Probably some truth to that. Over the next several years, new battery technologies will move from testing to production phase. Some of these will be in the form of larger cells and/or offer increased range at lighter weight. In order to remain competitive, Panasonic cannot focus solely on L-ion. Tesla however must also try and develop packs that will easily accept the new types of batteries.
In the "Model X" YouTube video (http://www.youtube.com/watch?v=9cfHGDoniU0) Elon mentions at 2:53 that Tesla is "always looking at different chemistries." Tesla seemed to like the 18650 form factor due to economies of scale but I wonder if Tesla and Panasonic have been looking at different form factors for future (i.e. Roadster 3.0+, BlueStar, and beyond) vehicles.
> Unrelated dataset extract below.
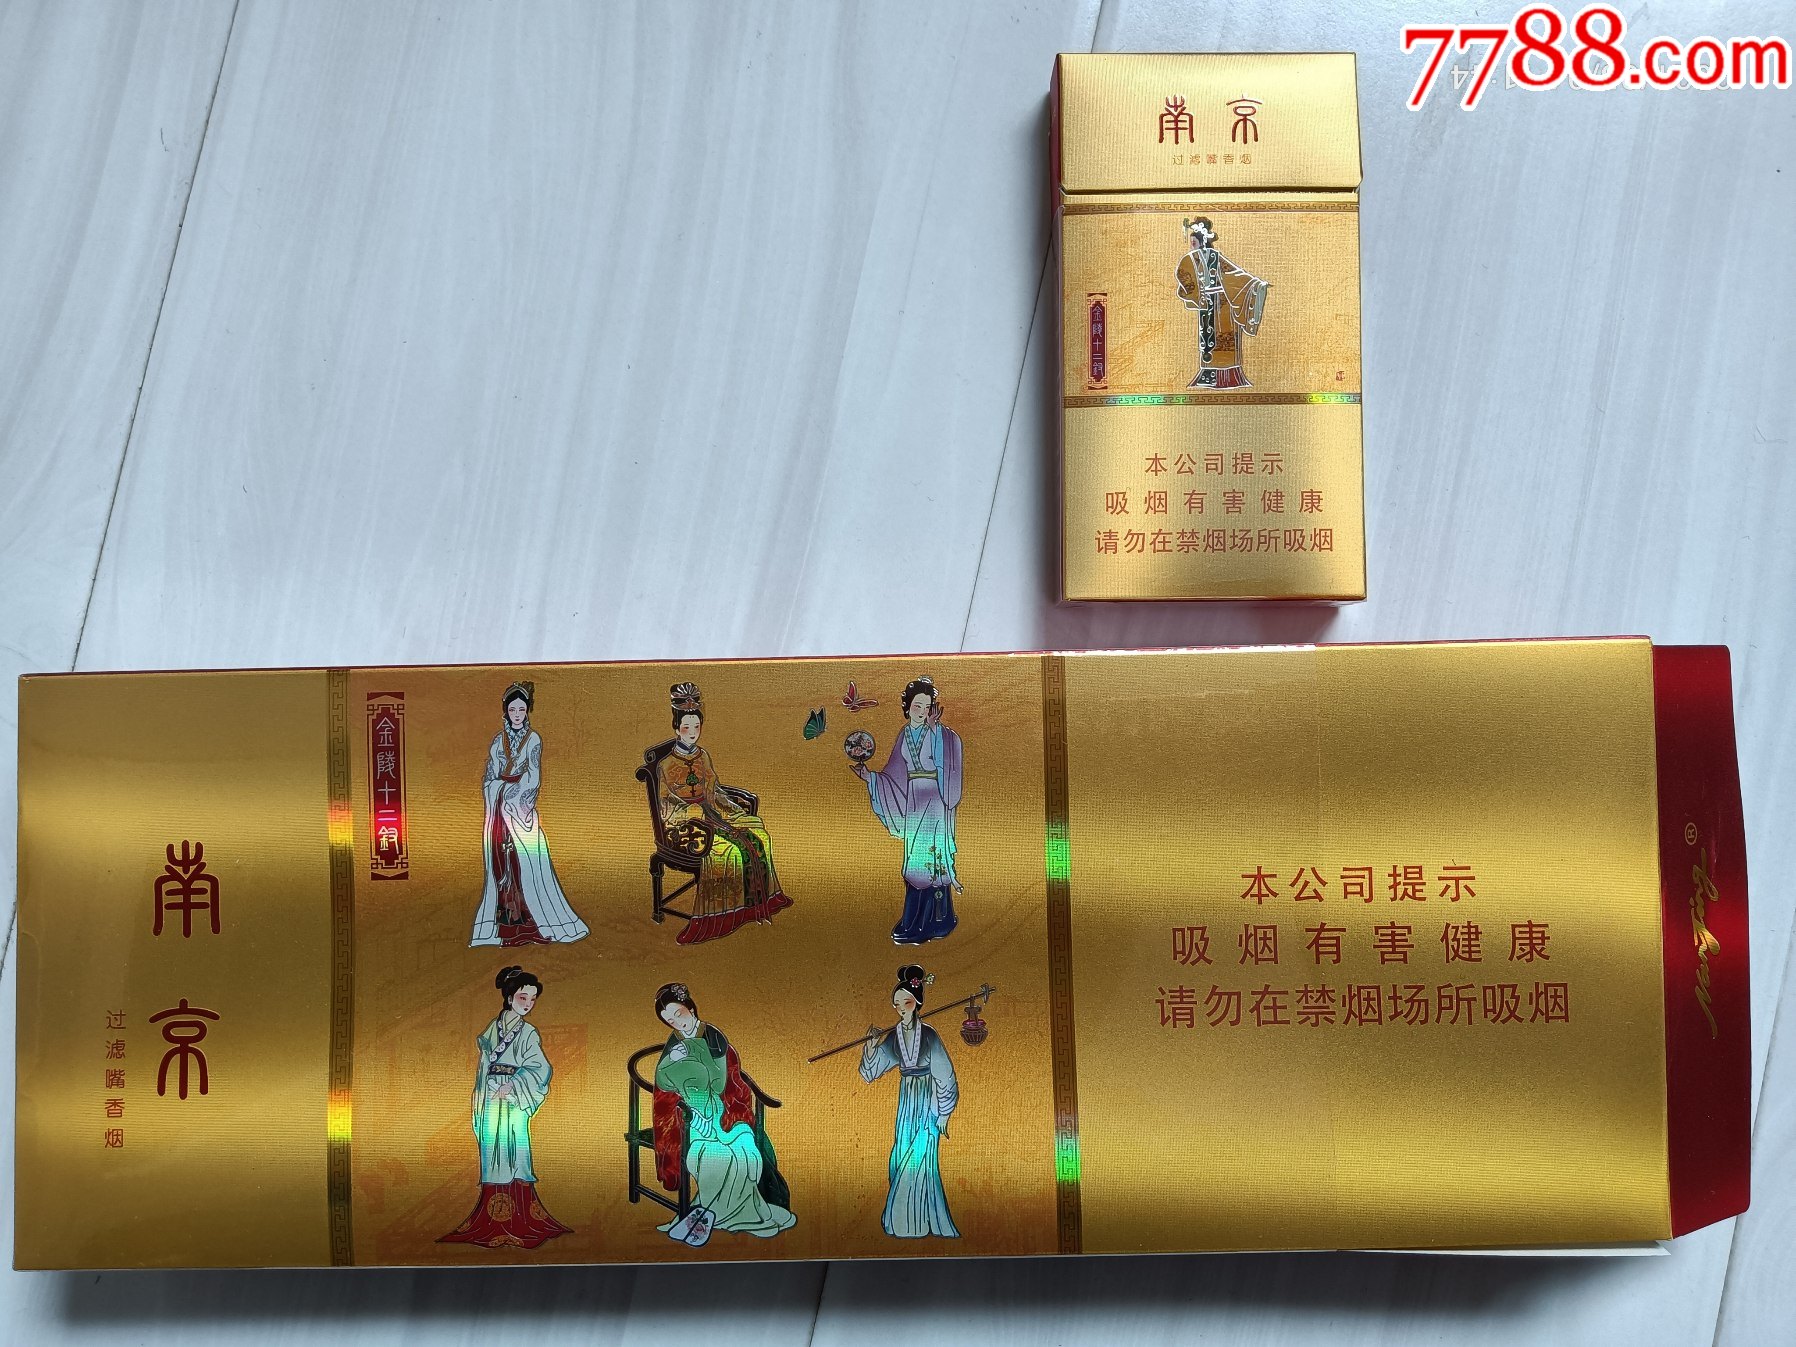 南京条盒标金陵十二钗烤烟型400江苏中烟工业有限责任公司含一枚元春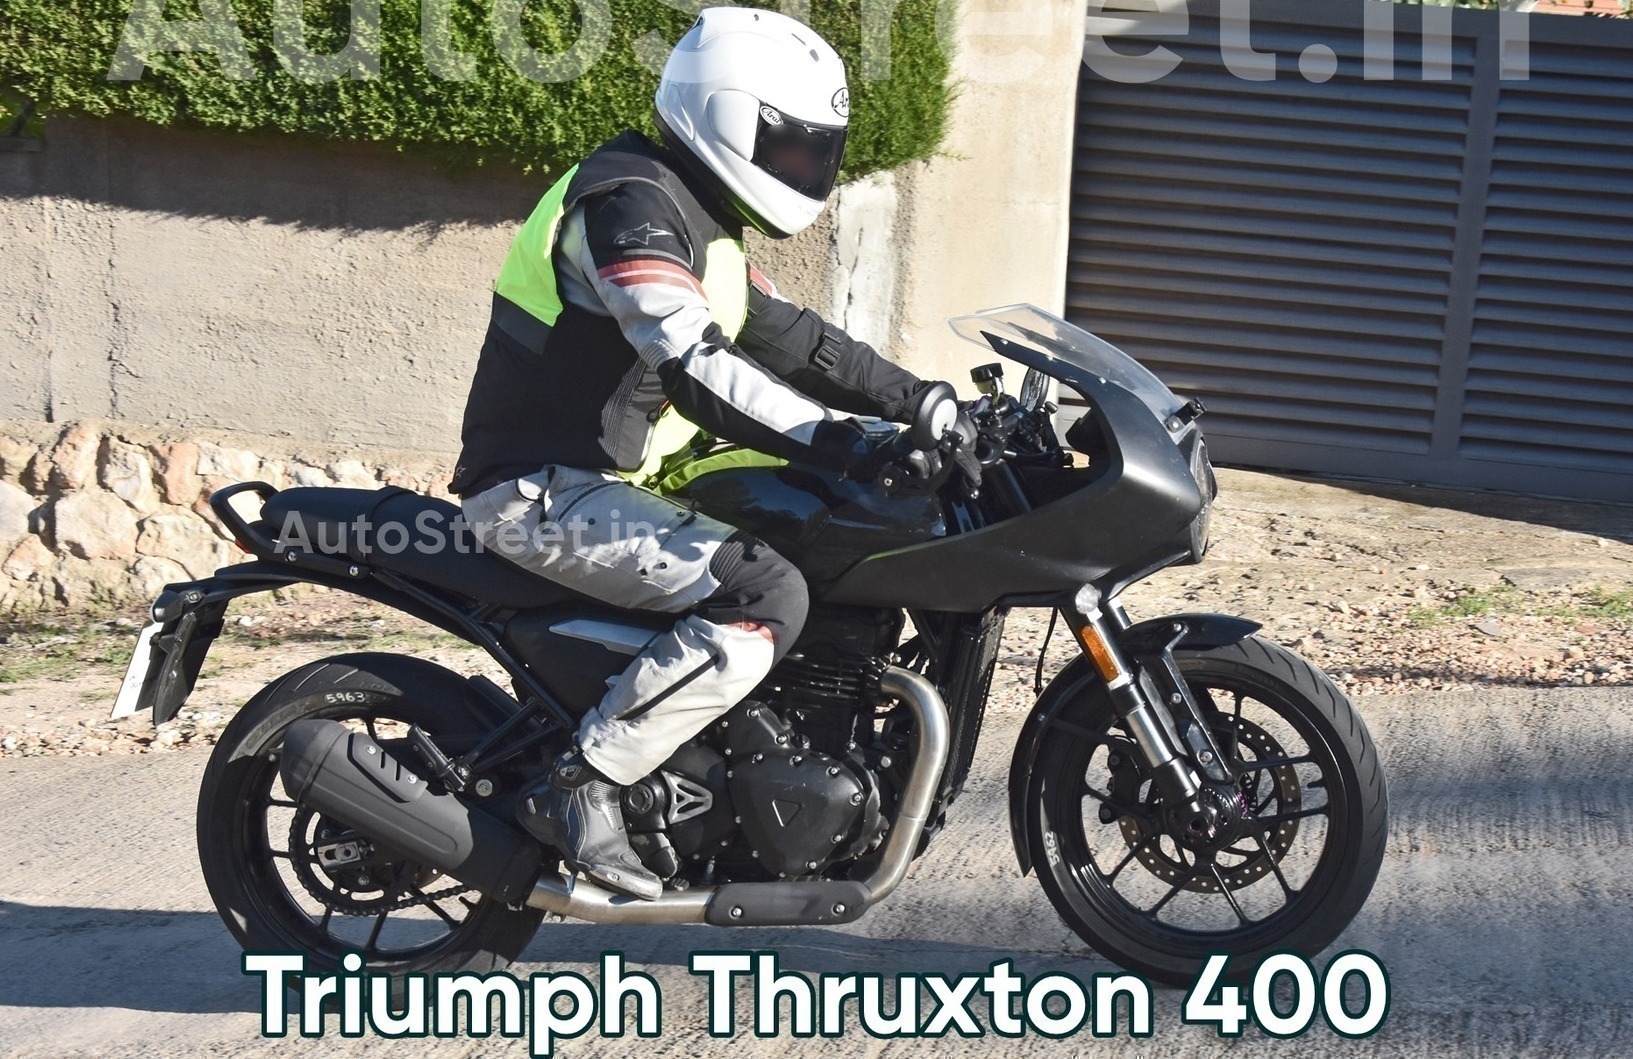 Triumph Thruxton400 spy pics 2

Questions....could the $30 million dollars investment by Panasonic be a poly to become the lead supplier (stated earlier) of the packs for the Model S or are they making an attempt to garner Toyota's business as well?
If Panasonic develops a new type of battery or expands on the current capabilities, will Tesla Motor be first inline for this new technology?
Panasonic booth at CES 2011:
What was beig said about the Model S on the monitor next to the Tesla rep?
I think it is a slideshow talking about batteries to be supplied for Model S and such.
Related press release:
If Tesla can really buy their batteries for $300 per kilowatthour, then their 160 mile battery pack costs less than $12K. That means they are
buying cells at less than $2.30 apiece. Seems unlikely, but if true, would presumably make their 300 mile
option cost around $11K over standard, and their 230 mile option around $5K.
Yes Bikester, $300 per kilowatthour does seem high. Since Tesla will be Panasonic's third largest customer they are sure to get that done to $150 KWR or so. Thank you for pointing out that error. You are so helpful.
the cost of a standard 2200mA cell is less than 1$ if you buy in quantity. the real cost are the protection circuits and the packages with the bms plus of course the profit, that tesla wants to make out of this.